If you’re looking for more hands-on tutorials and code examples, check out some of Google’s Codelabs (such as How to Interact with APIs Using Function Calling in Gemini) to guide you through examples of building a beginner function calling application.
AI Summary and Description: Yes
Summary: The text details the functionalities of Gemini 1.5 Pro, particularly focusing on its application in creating AI-powered trip planning agents through function calling and grounding. It provides insights for developers into leveraging the model with external APIs, enhancing the customer experience in domains like travel.
Detailed Description:
The text focuses on the capabilities unlocked by Gemini 1.5 Pro for developers to create AI agents aimed at improving customer service, especially in the travel sector. It particularly emphasizes the importance of function calling and grounding functionalities in enabling real-time responsiveness and personalized recommendations.
Key Points:
– **Gemini 1.5 Pro Overview**: The model offers developers tools to build AI agents, particularly useful in industries like travel for streamlining customer interactions.
– **Function Calling**: This feature allows AI models to interact with external APIs and systems, thereby expanding their utility.

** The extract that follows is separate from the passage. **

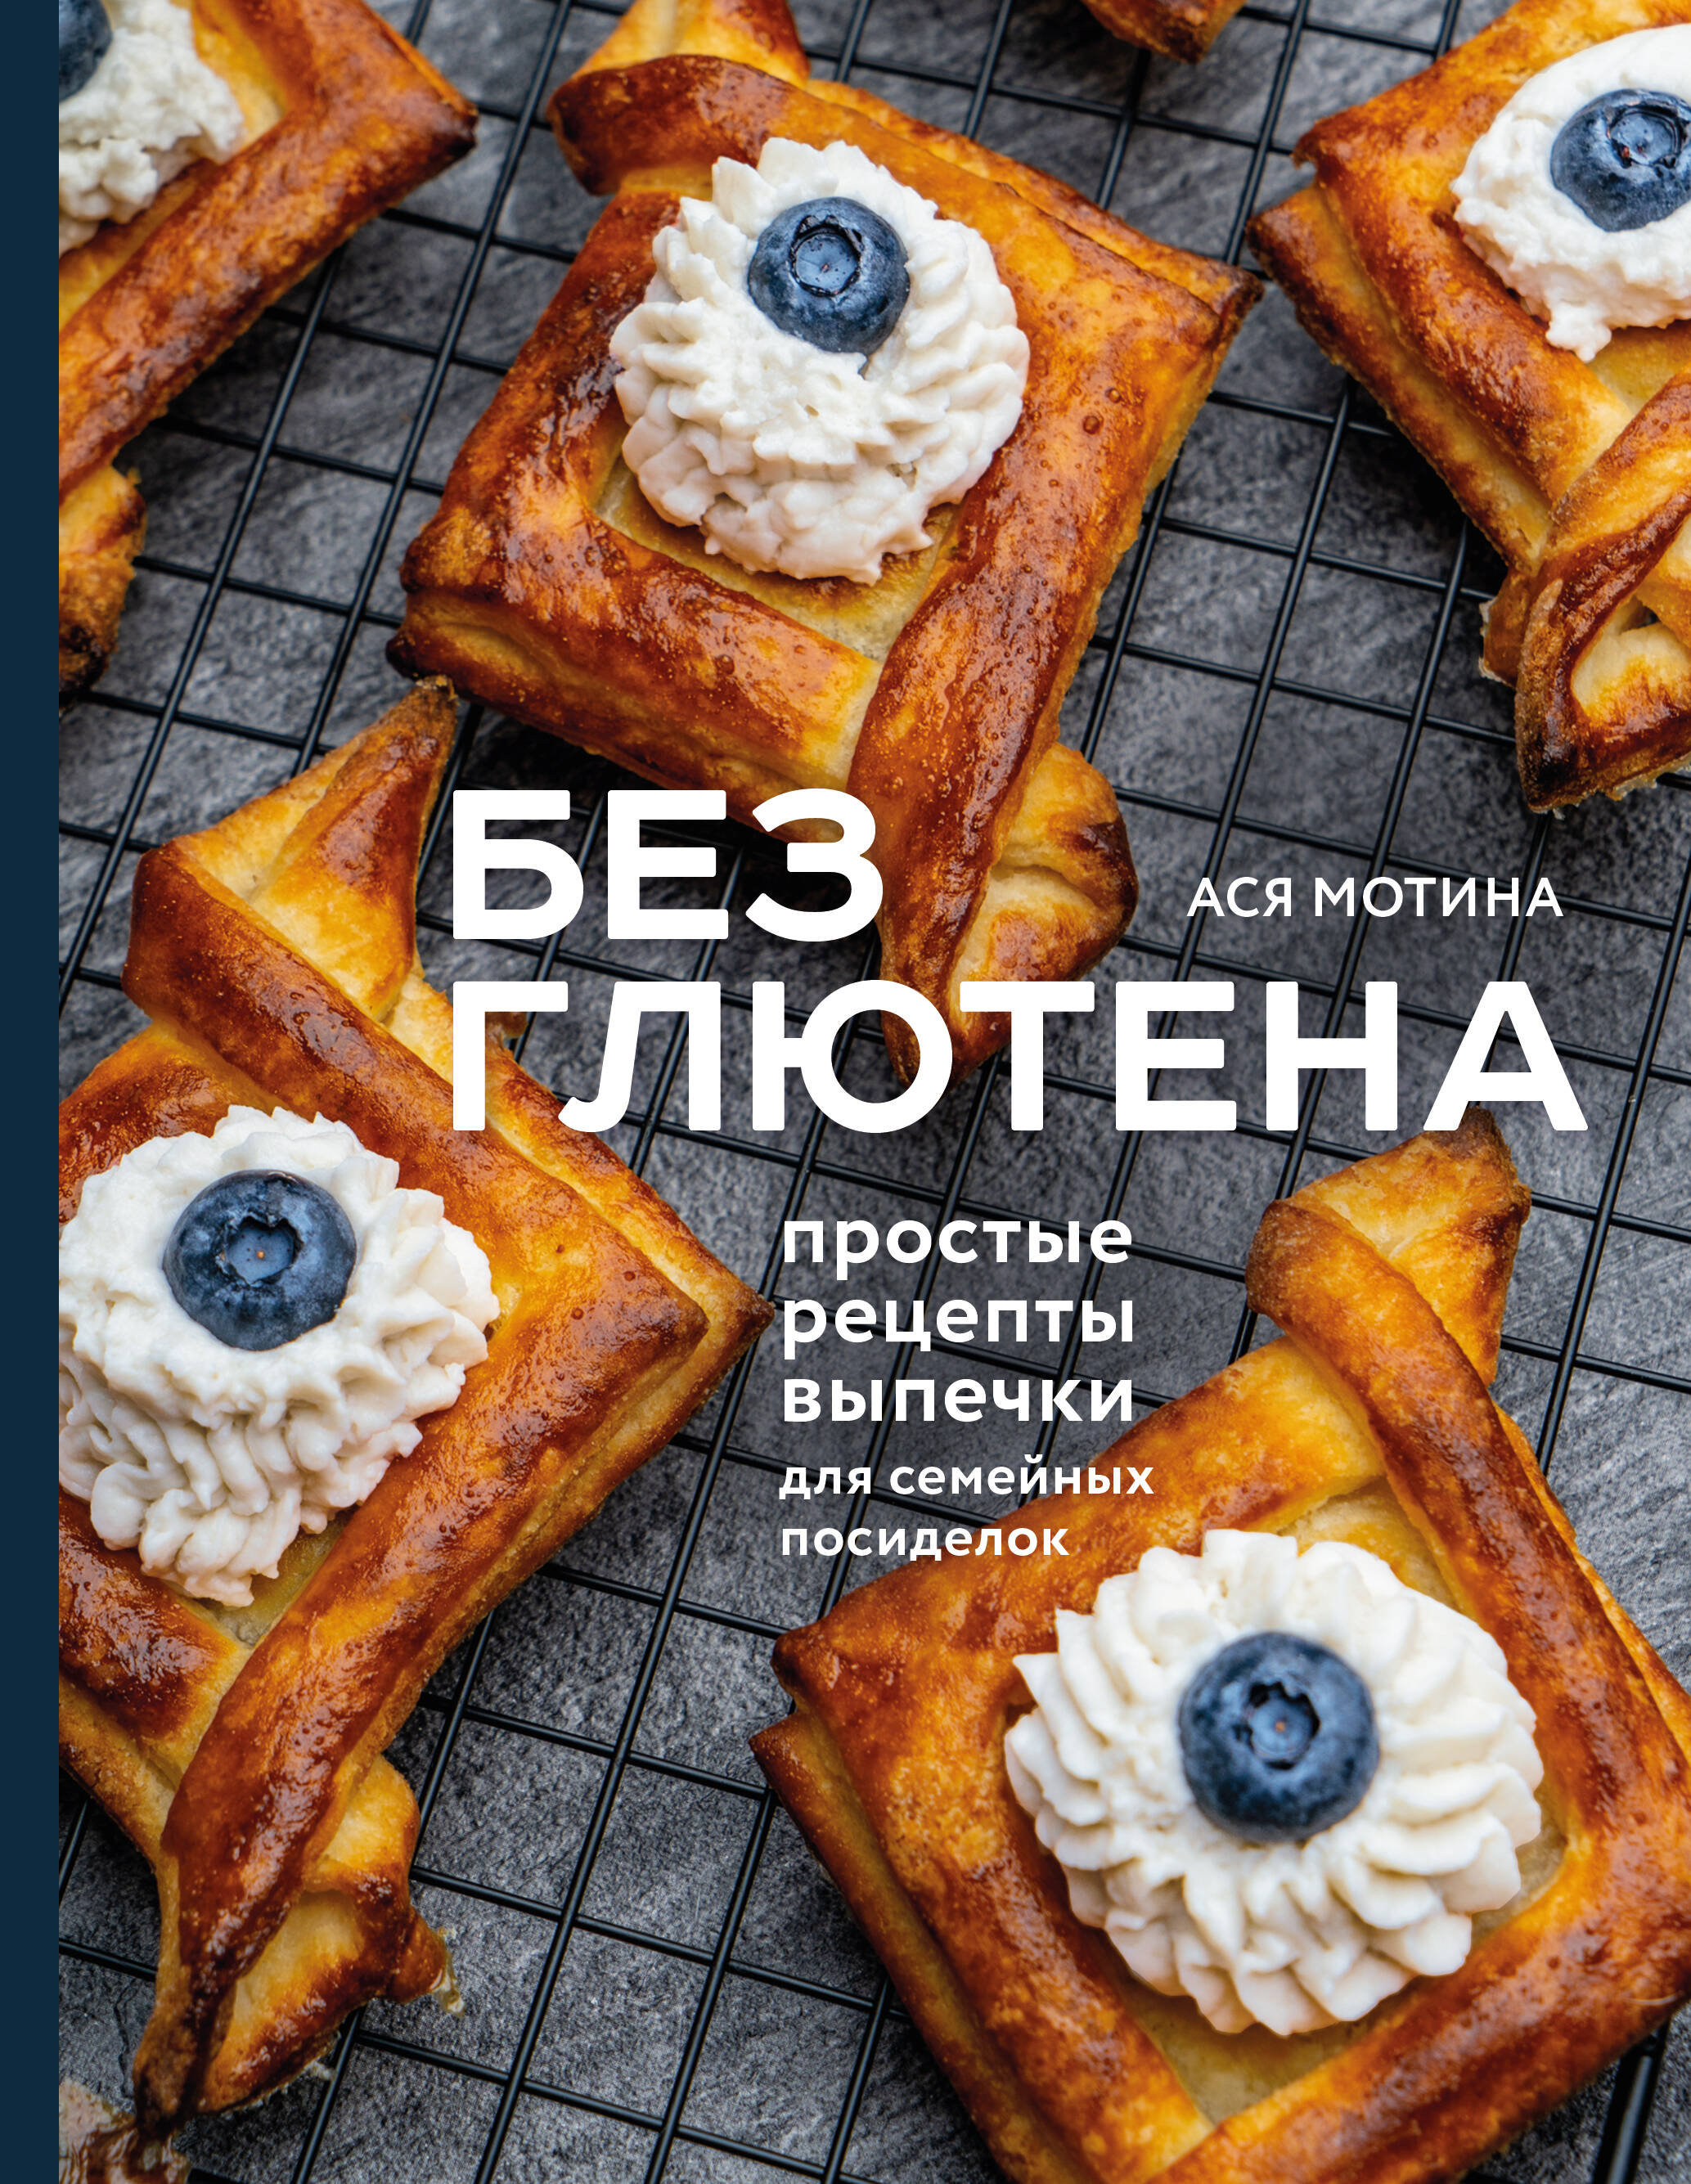 Мотина Ася Игоревна - Без глютена: простые рецепты выпечки для семейных посиделок

It enables dynamic responses based on real-time data.
– **Grounding**: This enhances the model’s ability to fetch relevant information from various external sources, increasing the accuracy and reliability of its responses.
– **Real-World Application**: A scenario is described where an AI engineer builds a trip planning agent, utilizing event and hotel APIs to provide tailored recommendations based on user queries.

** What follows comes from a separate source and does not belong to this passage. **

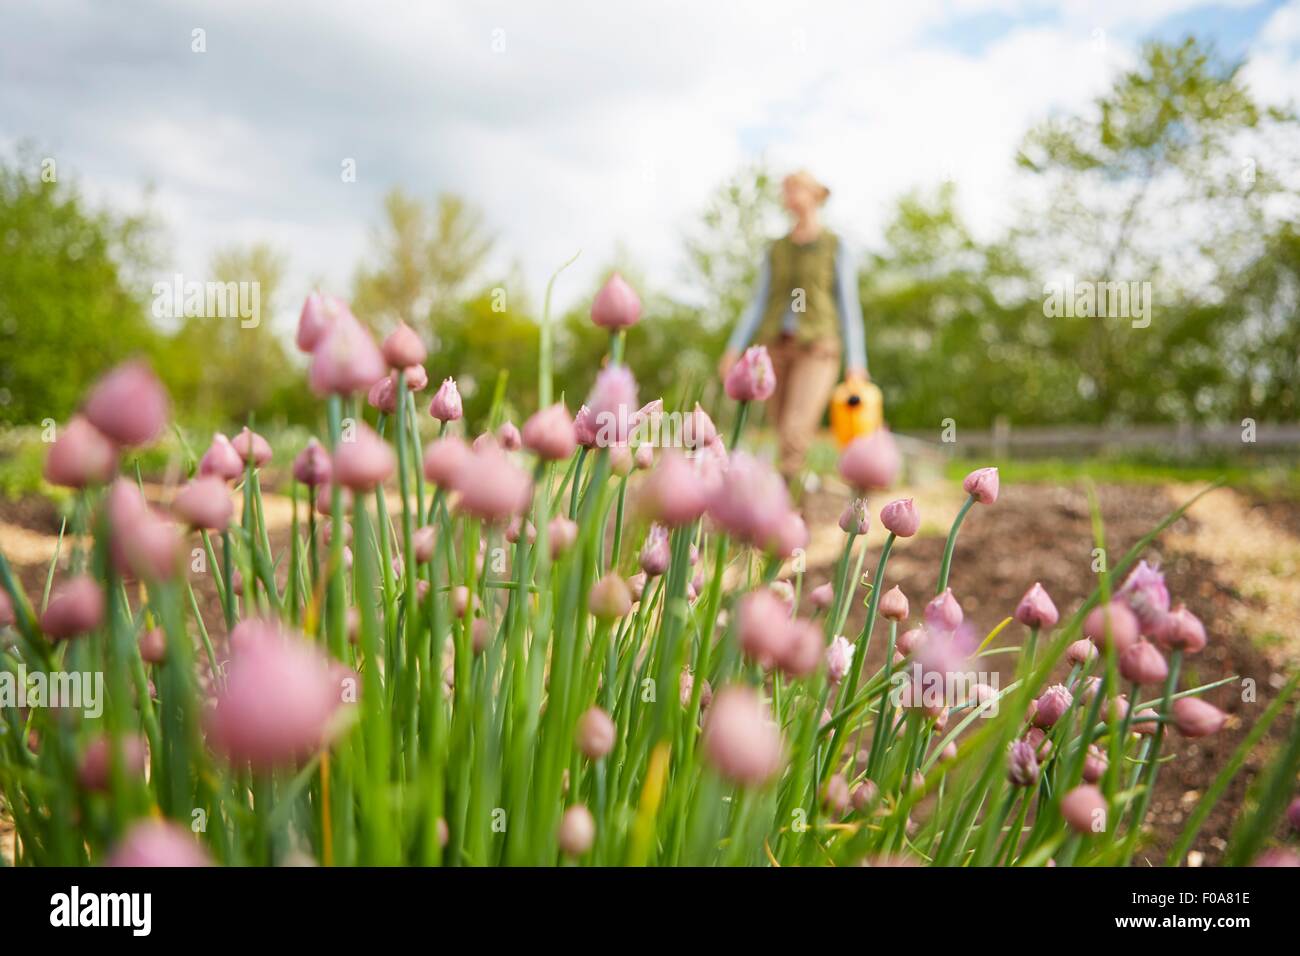 Femme mature, en plein air, jardinage, exerçant son arrosoir, l'accent sur les fleurs Banque D'Images

– **Development Environment Setup**: The text outlines necessary steps for setting up the development environment, including:
– Installing necessary Python libraries.
– Configuring API keys for accessing external data sources.
– **Safety Settings**: The importance of incorporating safety settings in the model to filter out harmful or inappropriate outputs is mentioned, supporting a responsible AI development approach.
– **Testing and Implementation**: Examples of user queries are provided to highlight how the AI agent can interact with users, showcasing the practical application of function calling in generating relevant information in response to user inquiries.
The overall analysis underlines Gemini 1.5 Pro’s ability to facilitate the creation of responsive, contextually aware AI applications, emphasizing its significance for developers and organizations aiming to enhance customer interactions and satisfaction within specific domains like travel.